## Directions
Return all the data exactly, keeping the pictures out.

## Supplied material
Content starts

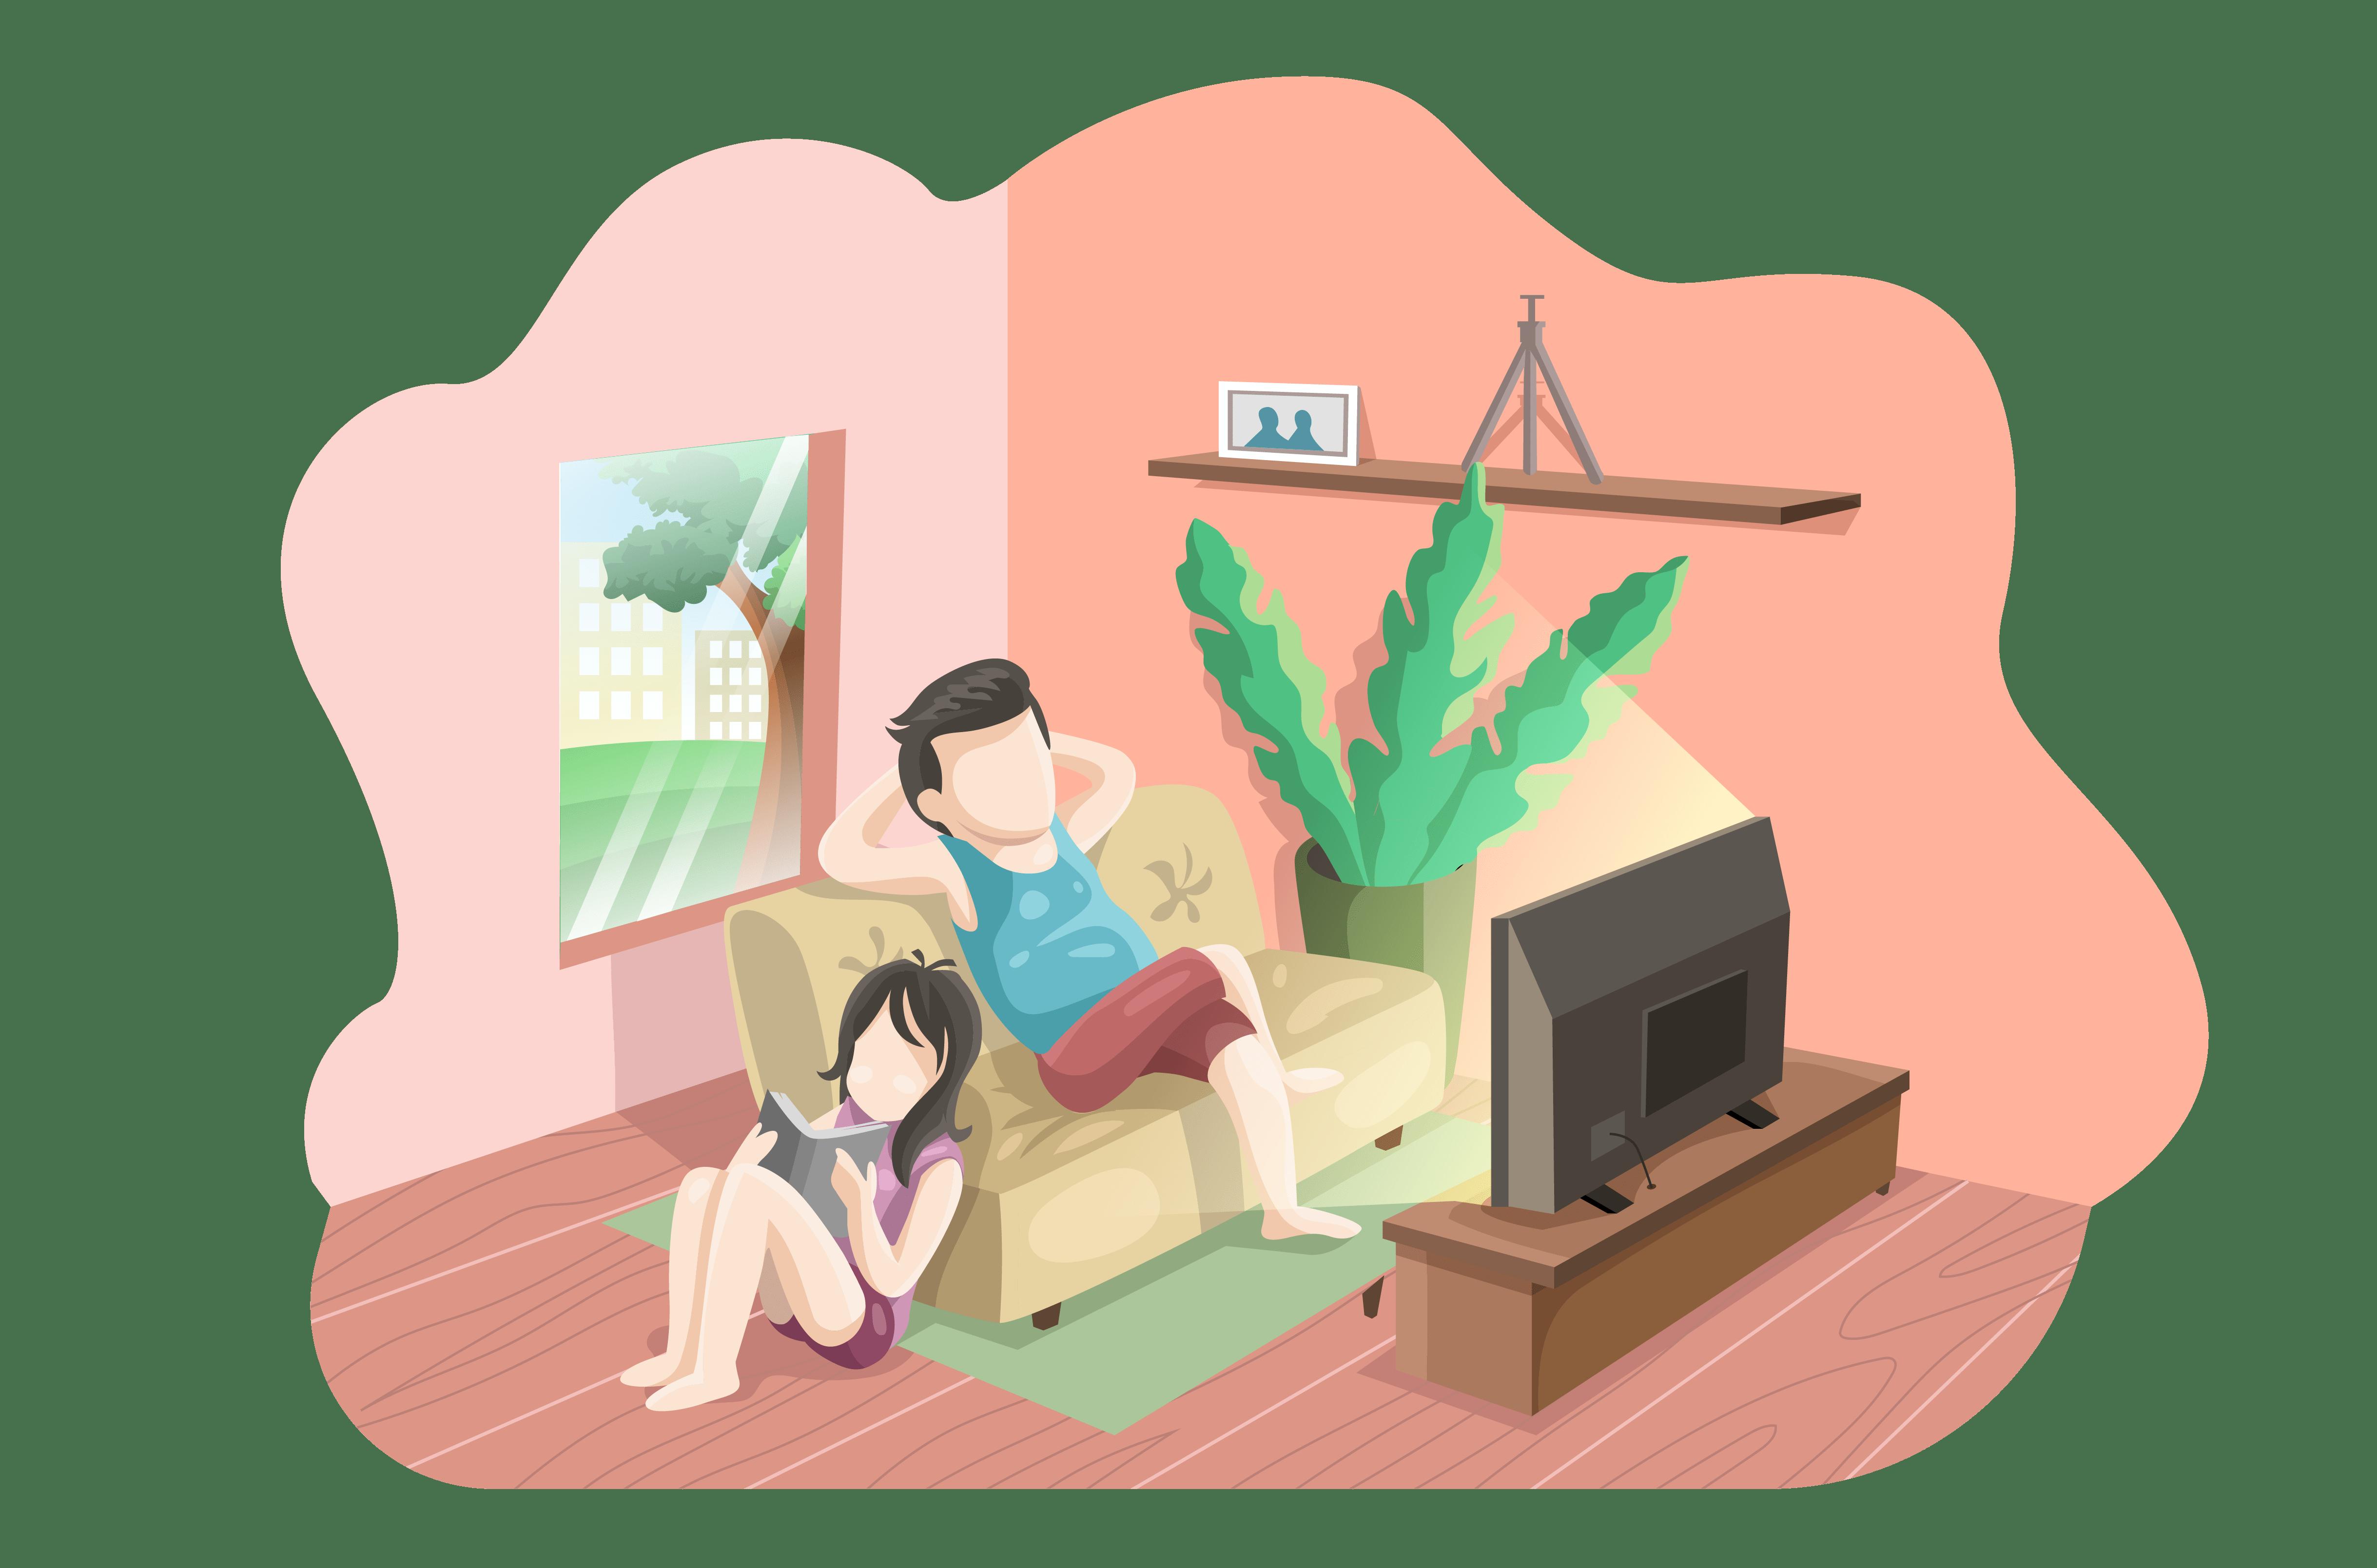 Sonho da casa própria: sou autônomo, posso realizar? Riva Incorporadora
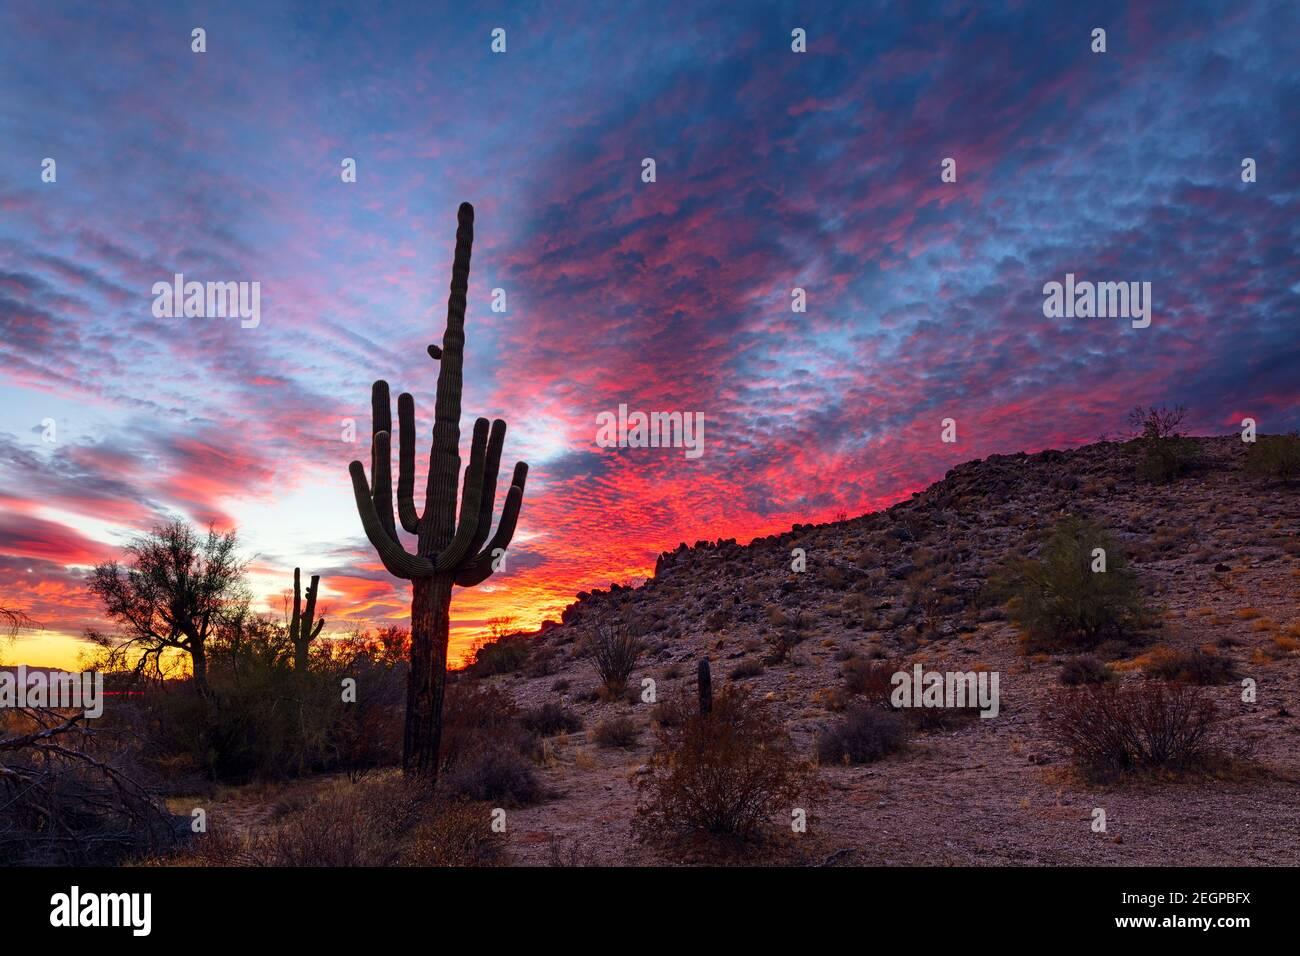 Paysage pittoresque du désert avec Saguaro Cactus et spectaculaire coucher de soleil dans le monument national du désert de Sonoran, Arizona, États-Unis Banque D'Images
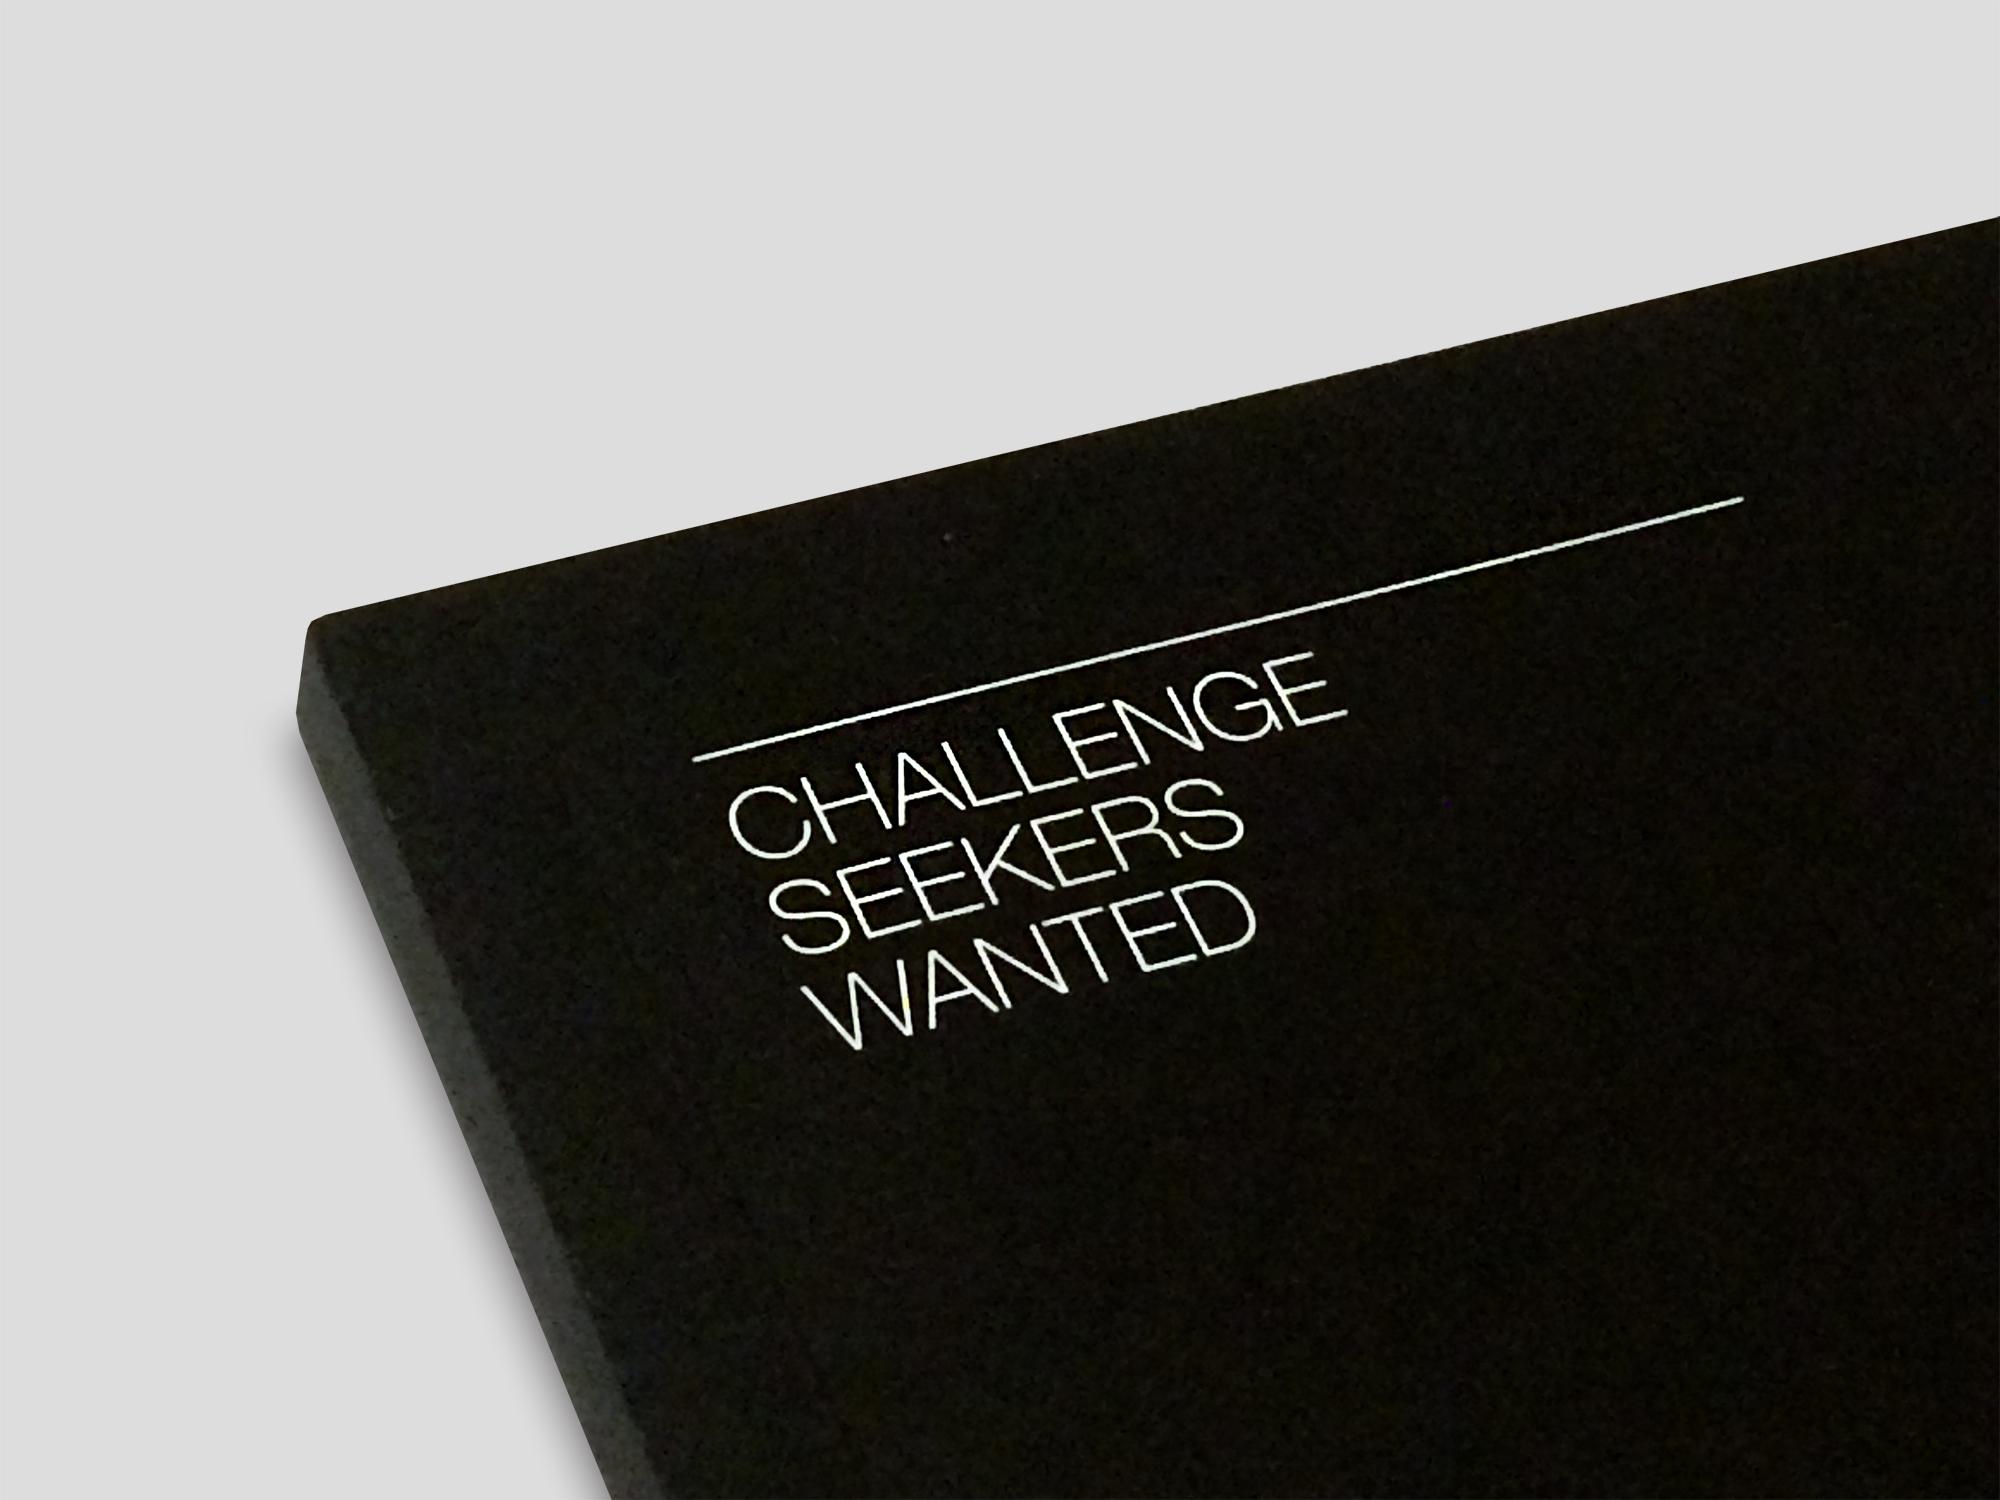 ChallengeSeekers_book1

Content ends

## Problem solution
 Sonho da casa própria: sou autônomo, posso realizar? Riva Incorporadora
 Paysage pittoresque du désert avec Saguaro Cactus et spectaculaire coucher de soleil dans le monument national du désert de Sonoran, Arizona, États-Unis Banque D'Images
 ChallengeSeekers_book1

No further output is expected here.